🤖 AI Summary
This work addresses the performance degradation of multi-class anomaly detection under a large number of categories, where the complex and heterogeneous distribution of normal samples poses significant challenges. The authors propose DPDiff-AD, a novel diffusion-based model that uniquely integrates dual-scale prototype mechanisms—local and global—into the diffusion framework. Local prototypes aggregate neighboring features to capture fine-grained structural patterns, while global prototypes regularize the overall feature geometry via optimal transport constraints. A prototype-aware attention mechanism further guides the diffusion process to accurately reconstruct normality in high-dimensional, large-scale category spaces. Extensive experiments on five benchmark datasets demonstrate the method’s effectiveness, achieving state-of-the-art results with absolute gains of 5.3% and 2.9% in image-level and pixel-level AUROC, respectively, on a 160-class setting, while maintaining stable performance as the number of categories scales.
📝 Abstract
Multi-class anomaly detection aims to build unified models across diverse product categories. However, as the number of categories grows, its performance often degrades due to increasingly complex and heterogeneous normal distributions. To address this challenge, we propose DPDiff-AD, a Dual Prototype-conditioned Diffusion model for large-scale multi-class Anomaly Detection. DPDiff-AD models heterogeneous normal distributions through complementary local and global prototypes.
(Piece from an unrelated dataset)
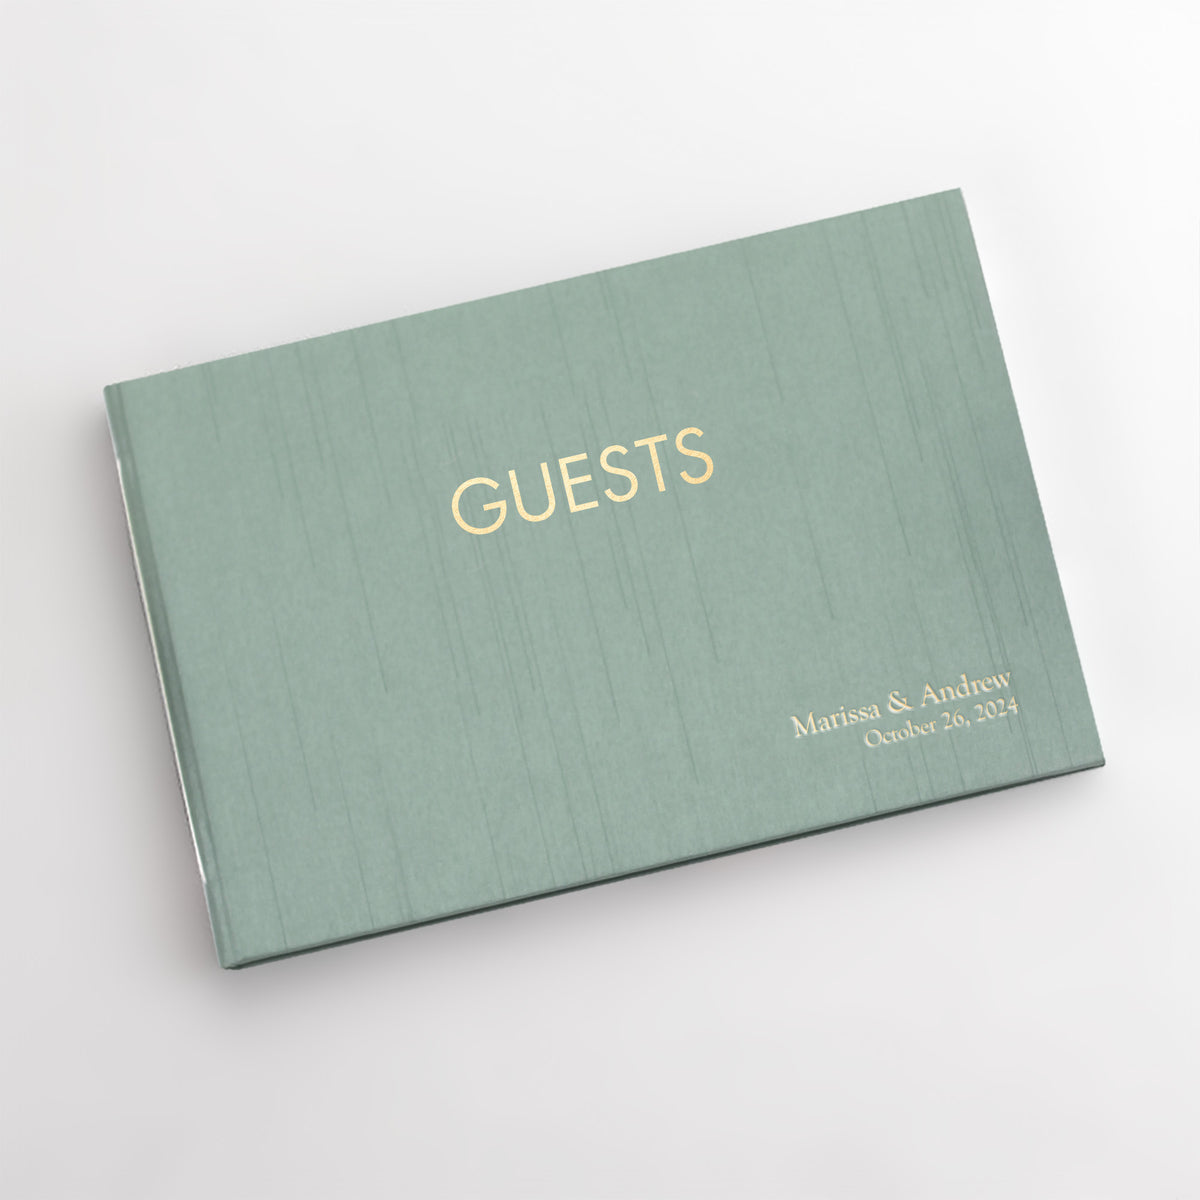 Guestbook Embossed with “Guests” | Cover: Misty Blue Silk | Available Personalized

Local prototypes capture representative fine-grained structural patterns via nearest-prototype aggregation, while global prototypes regulate holistic feature geometry through optimal transport regularization. Together, these dual-scale representations define a structured normality space. This space is refined through diffusion-based reconstruction conditioned on both local and global prototypes via prototype-aware attention. By jointly leveraging dual prototypes during generation, DPDiff-AD achieves precise normality modeling, preserves structured separability as category cardinality grows, and enables scalable anomaly discrimination. Extensive experiments across five benchmarks demonstrate the effectiveness and scalability of DPDiff-AD. On the 160-category large-scale dataset, it improves image- and pixel-level AUROC by 5.3 and 2.9 points over the previous state-of-the-art method Dinomaly+, while maintaining stable performance as category cardinality increases.